1937 film by George Stevens

Quality Street is a 1937 American historical comedy film made by RKO Radio Pictures. It was directed by George Stevens and produced by Pandro S. Berman. Set in 19th-century England, the film stars Katharine Hepburn and Franchot Tone. Joan Fontaine makes one of her early (uncredited) film appearances. The screenplay was by Allan Scott, Mortimer Offner, and Jack Townley, based on the 1901 play Quality Street by J. M. Barrie.

This 1937 version was filmed at the RKO Encino movie ranch, RKO Forty Acres backlot, and RKO Hollywood Studios. Quality Street was a box office failure, recording a loss of $248,000. It was Katharine Hepburn's fourth flop film in a row for RKO Pictures, which added to Miss Hepburn’s label as "box office poison" by the 1938 national group of movie exhibitors.

Roy Webb's music was nominated for the Academy Award for Best Score.

==Plot==
In 1805 England, eligible bachelors are scarce on Quality Street. Twenty-year-old Phoebe Throssel becomes very hopeful when one of the few, Dr. Valentine Brown, tells her he has something important to say to her that day. Both she and her older sister Susan believe he will propose. However, he informs her that he has enlisted in the army to fight in the Napoleonic Wars. Phoebe hides her devastation so well that Dr. Brown never suspects she is deeply in love with him. She gives up hope of ever marrying. By contrast, the Throssels' servant Patty, though she is a decade older and aware she is no beauty, is confident that she will get a man.

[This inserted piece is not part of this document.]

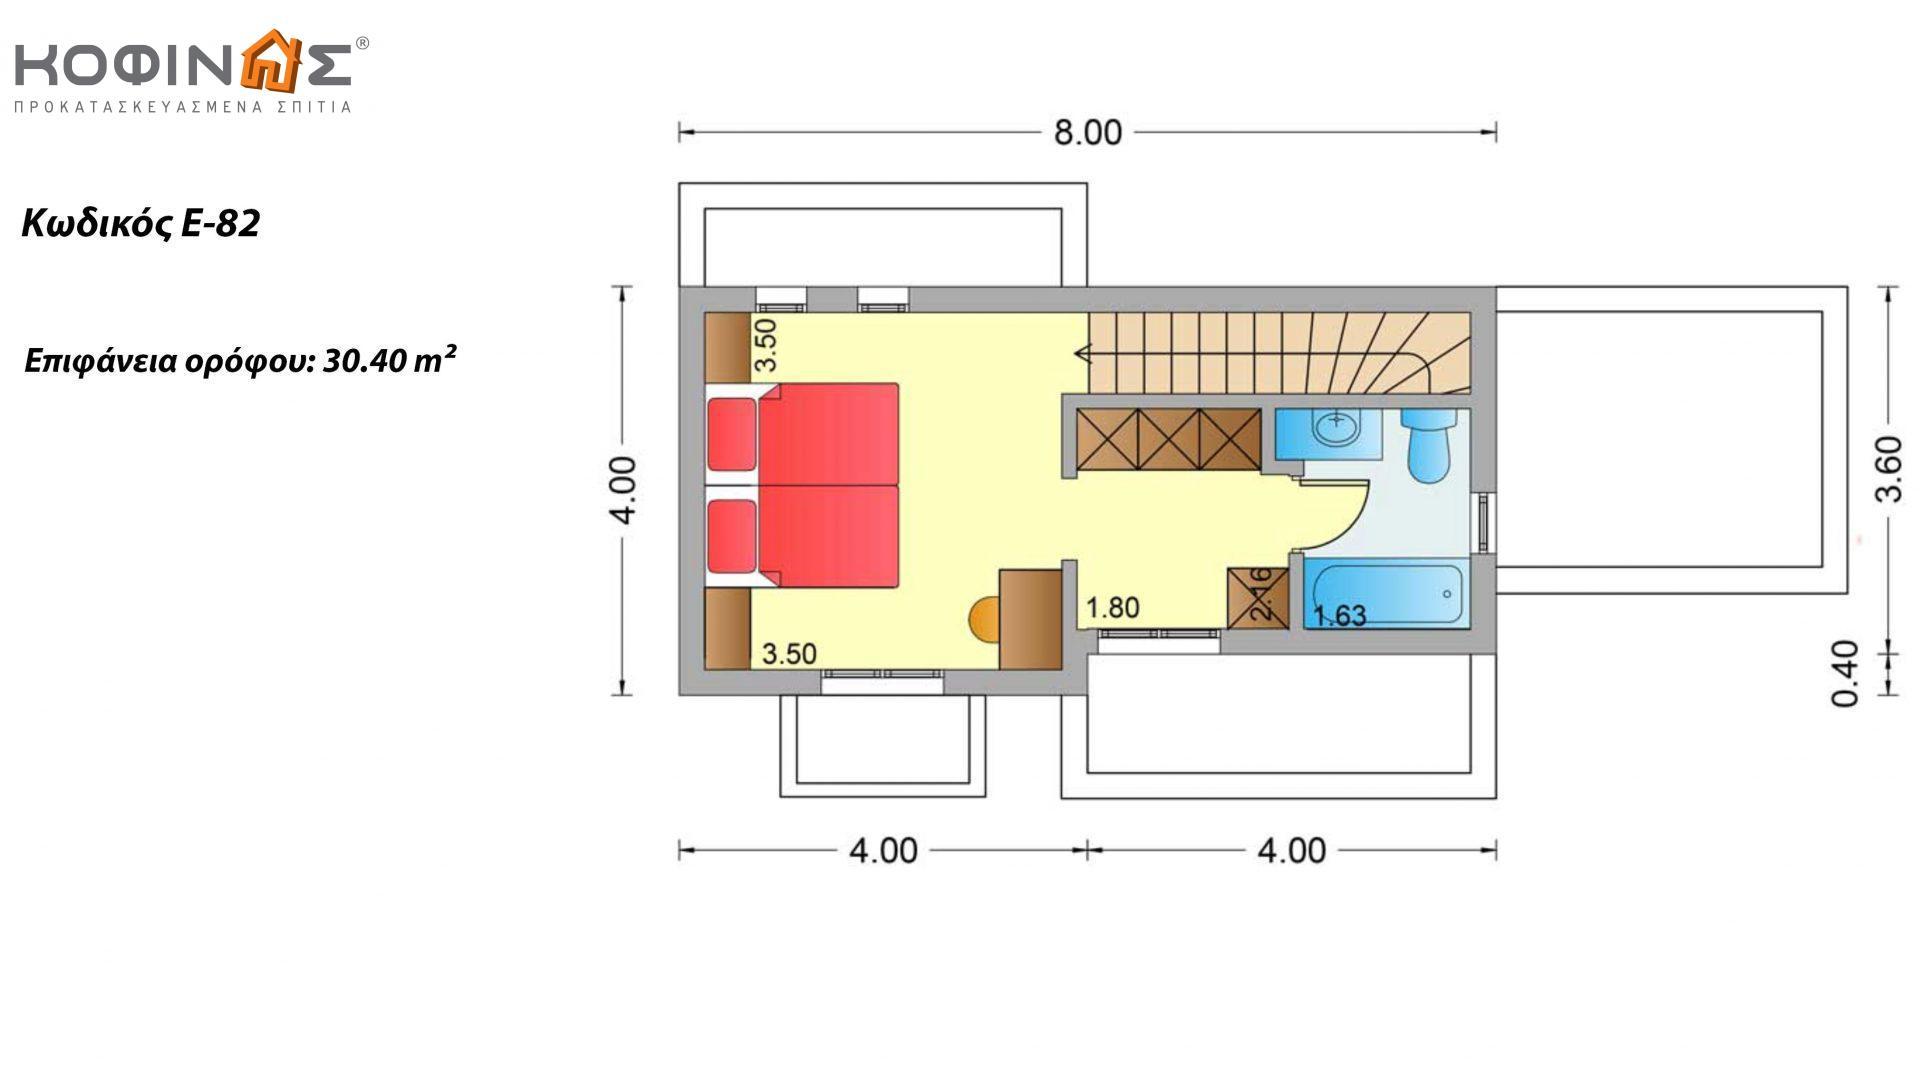 Διώροφη Κατοικία E-82, συνολικής επιφάνειας 82,30 τ.μ., στεγασμένοι χώροι 2.00 m²

For the next ten years, the Throssels run a school for young boys and girls. Then, with the wars over, Brown returns as a captain. When he comes to invite the sisters to a ball, he is taken aback by how much Phoebe's looks appear to have deteriorated. Hurt by this, Phoebe declines.

To lift her spirits, Phoebe sheds her drab everyday clothes and dresses up in a beautiful gown. When Brown returns unexpectedly, Patty thinks quickly and identifies her as Phoebe's niece Livy. Taken in completely, Brown invites her to the ball. She accepts, planning to make him eventually fall in love with her, then when he proposes, reject him.

At the ball, she is quickly surrounded by admirers, much to Brown's annoyance. In the days that follow, she flirts with all the men. Finally, at a party, Brown approaches Livy. To her shock, instead of asking for her hand in marriage, he merely lectures her on her behavior and reveals that he is in love with Phoebe.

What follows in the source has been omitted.